The o1 model signifies a shift where reasoning scaffolding, previously managed by developers through prompt chaining, is internalized within the model and not exposed to the user [06:52:00]. While this aims for greater ease of use, it complicates debugging when things go wrong, as there’s no “stack trace” of the model’s internal steps [07:06:00]. This tension exists between Open AI’s desire for the model to “just take care of it” and a developer’s need for transparency and customization [07:20:00].

This trend also impacts open-source models and the competitive landscape. With closed models internalizing their logic, the transparency previously offered by explicit prompt chains is diminishing, leading to more opaque systems [08:00:00].

Impact on the Inference Market [00:43:50]

The rise of models like o1 with their focus on “test-time compute” has significant implications for the inference market:

  • Fundamental Building Block: Inference remains a core, low-level primitive required for every aspect of AI, from training to agentic workflows and synthetic data generation [00:44:10]. It needs to be robust and cost-effective [00:44:20].
  • Abstraction Shift: The market is moving beyond merely serving specific models like Llama 3 [00:45:10]. The focus is on serving models that perform well for specific use cases, and customization becomes key for achieving better and faster performance [00:45:40].
  • Optimization for Agentic Workflows: The new agentic workflows create opportunities for further optimization, especially in high-throughput settings where many possibilities need to be generated [00:45:58].

Evolution of AI Architectures [00:40:08]

Historically, model architectures like LSTMs, CNNs, and Transformers were often developed through intuition and experimentation, considering gradients and how they should work [00:40:47]. However, newer architectures like Mamba (state-space models) emerged from mathematical breakthroughs, solving fundamental problems that then found application within neural networks [00:41:03].

It’s likely that Transformers will not be the ultimate architecture [00:42:04]. Future innovations in model architectures are more probable in new domains like video or complex agentic settings, where existing architectures might break down [00:42:19]. Structural changes are needed for genuinely novel architectures to emerge, often driven by tackling fundamentally different problems, much like machine translation spurred Transformer development [00:43:11].
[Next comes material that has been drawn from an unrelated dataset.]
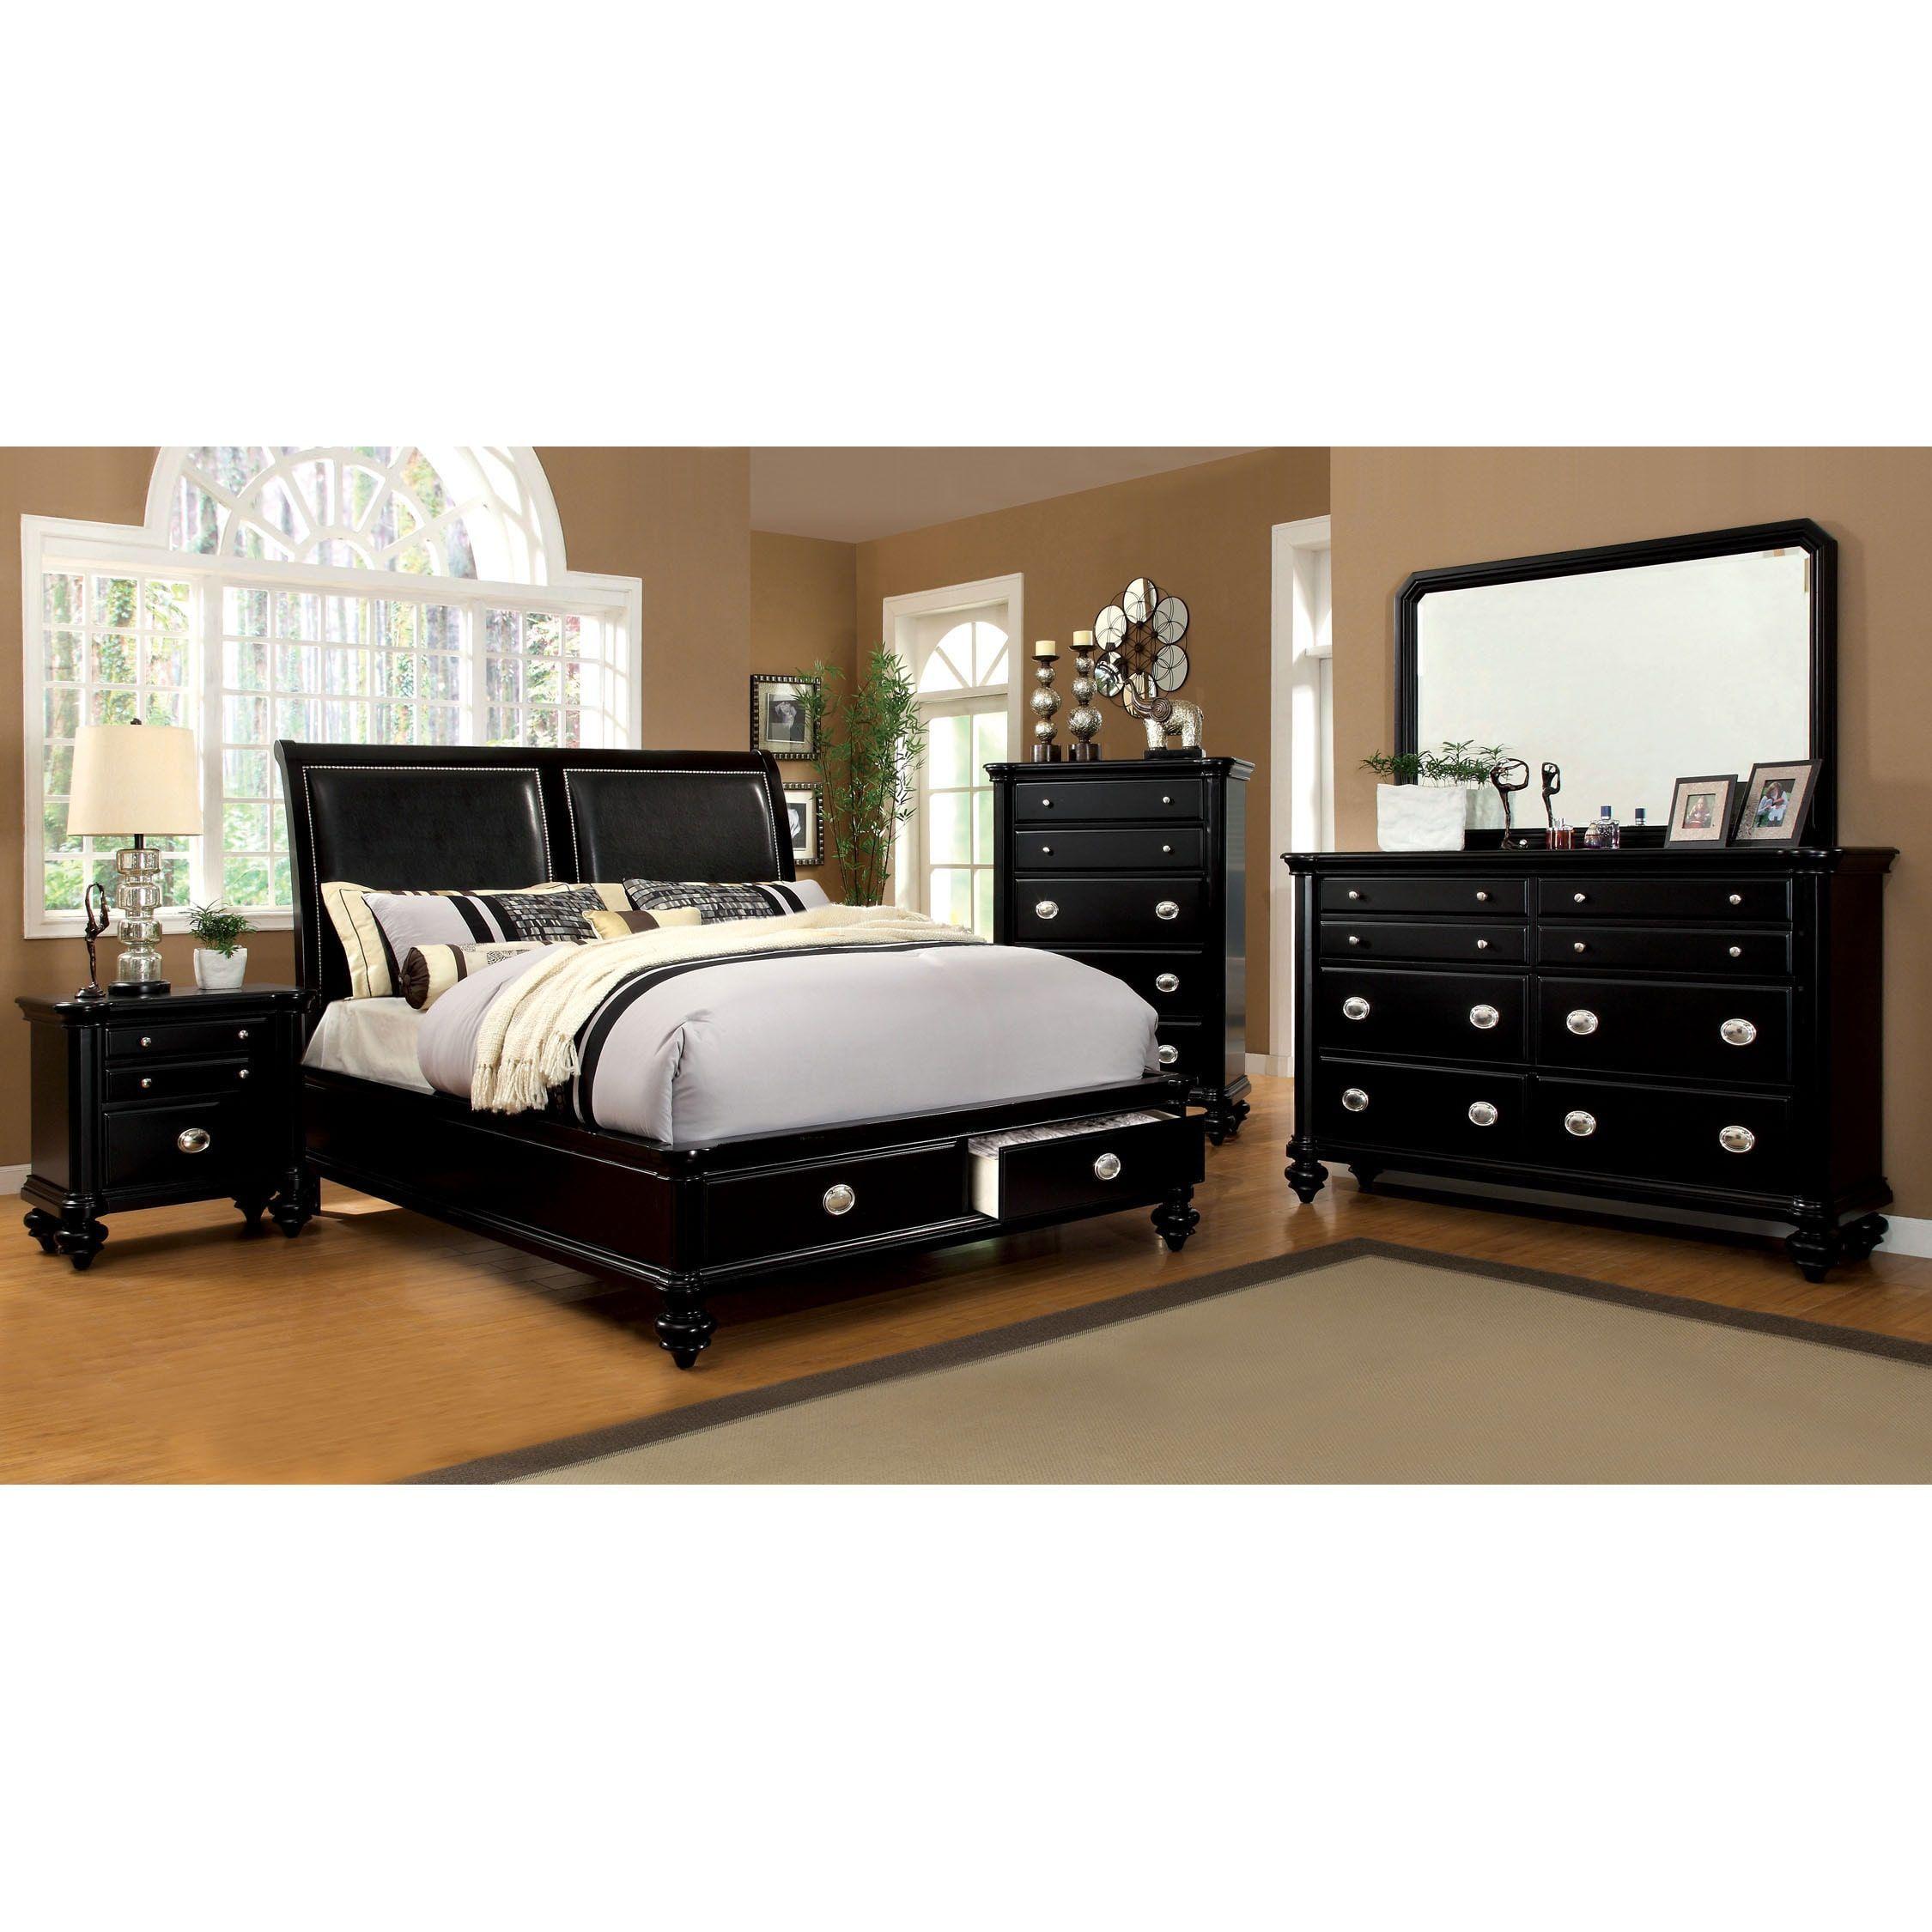 Furniture of America Modern 4-piece Platform Bedroom Set ...

The Future of AI: Beyond Mimicry [00:48:16]

AI is moving beyond merely mimicking human capabilities. The next significant milestones involve AI extending human knowledge, such as solving open math problems or discovering new research insights that haven’t been solved by humans [00:48:22]. Finding “zero-days” in cybersecurity is another example of a potential game-changer [00:49:12].

Progress in AI is not slowing down; rather, it continues to move quickly, with qualitative changes like o1’s approach representing different ways to think about using these systems [00:49:26]. Advances in chip power and cost reduction will further drive this progress [00:50:03].
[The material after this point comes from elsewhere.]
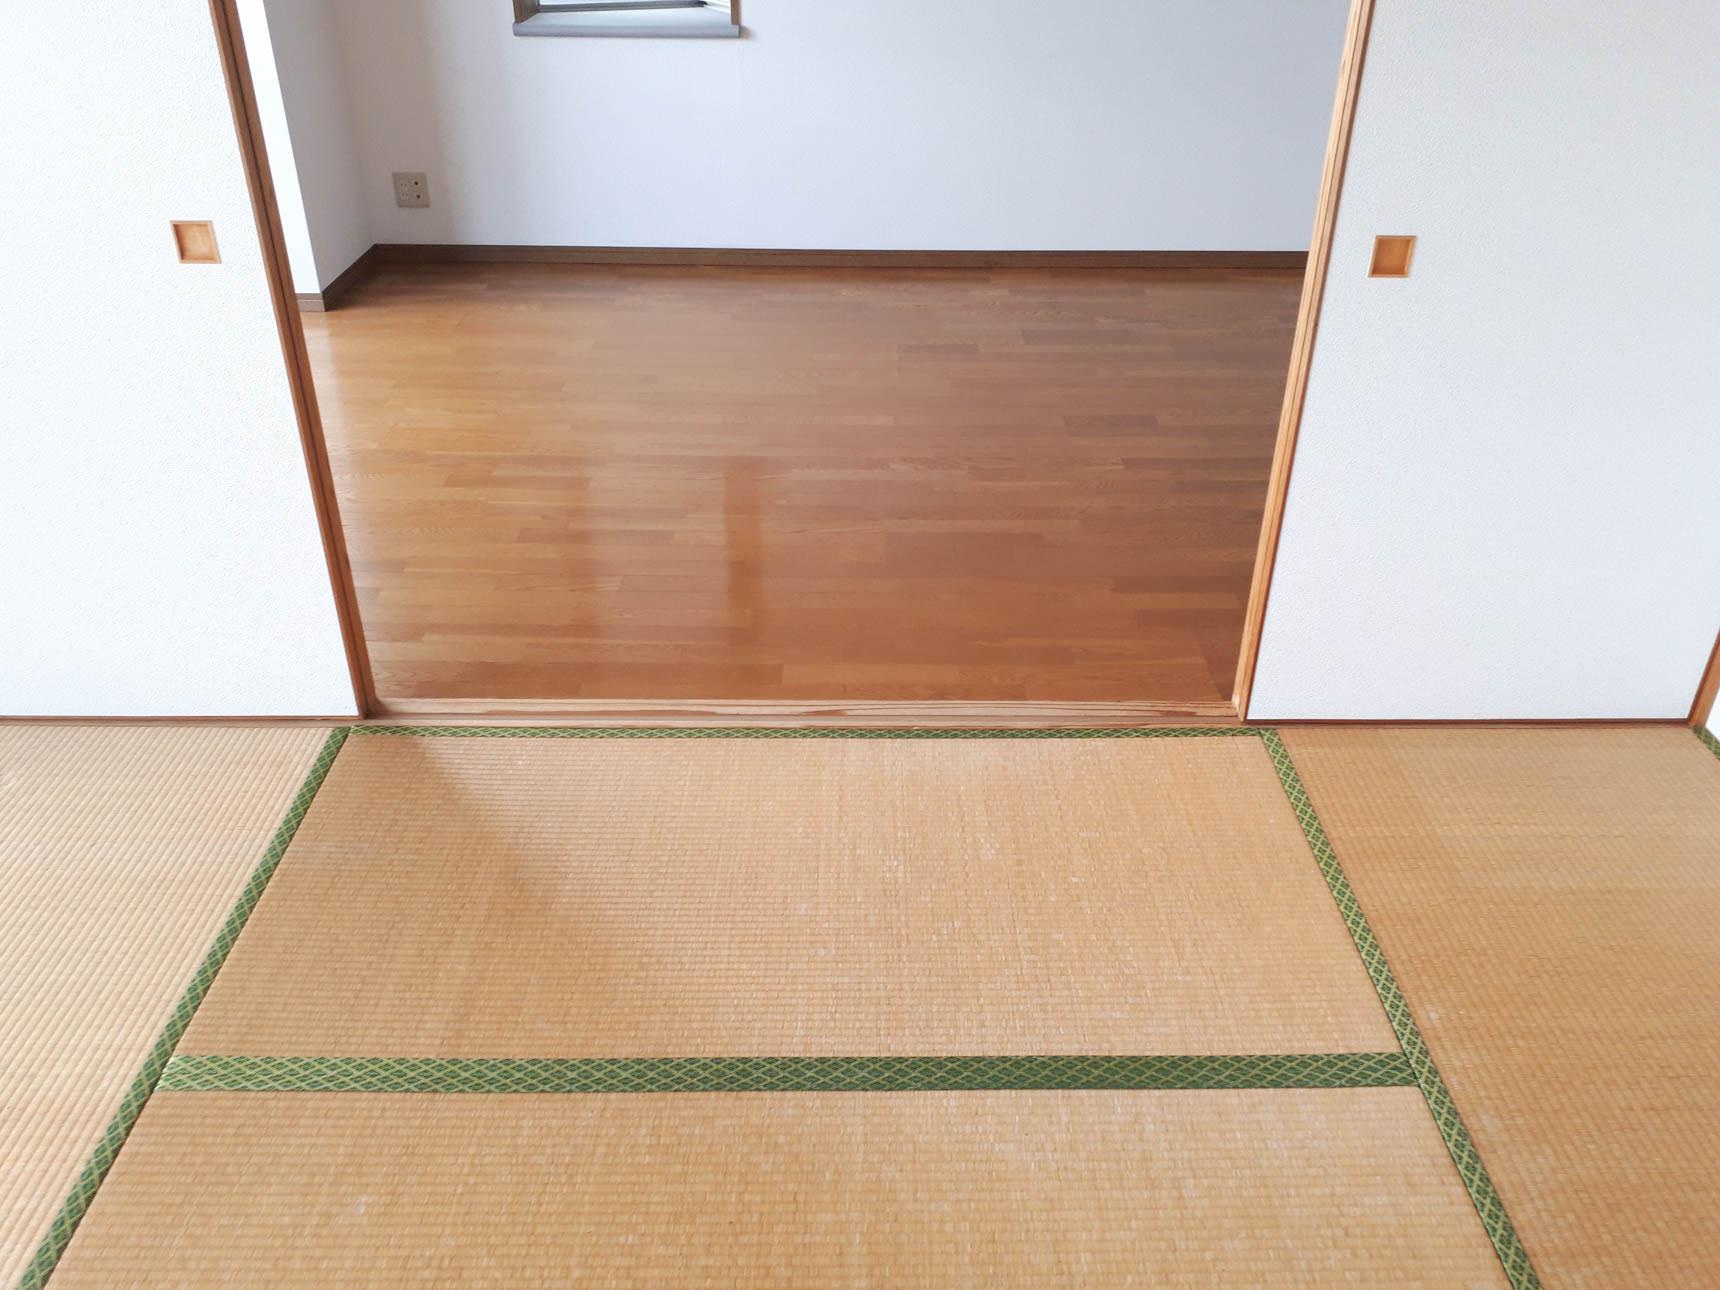 ビフォアのお部屋は、こんな感じの畳とフローリング。

Underexplored Application Areas [00:59:01]

While commercial applications like RAG (Retrieval Augmented Generation) and summarization are well-explored, more fundamental areas remain underexplored [00:59:06]. These include:

  • Fundamental science and scientific discovery [00:59:21]
  • Improving researcher productivity [00:59:26] Such areas are crucial as they feed back into and enhance the entire AI ecosystem [00:59:34].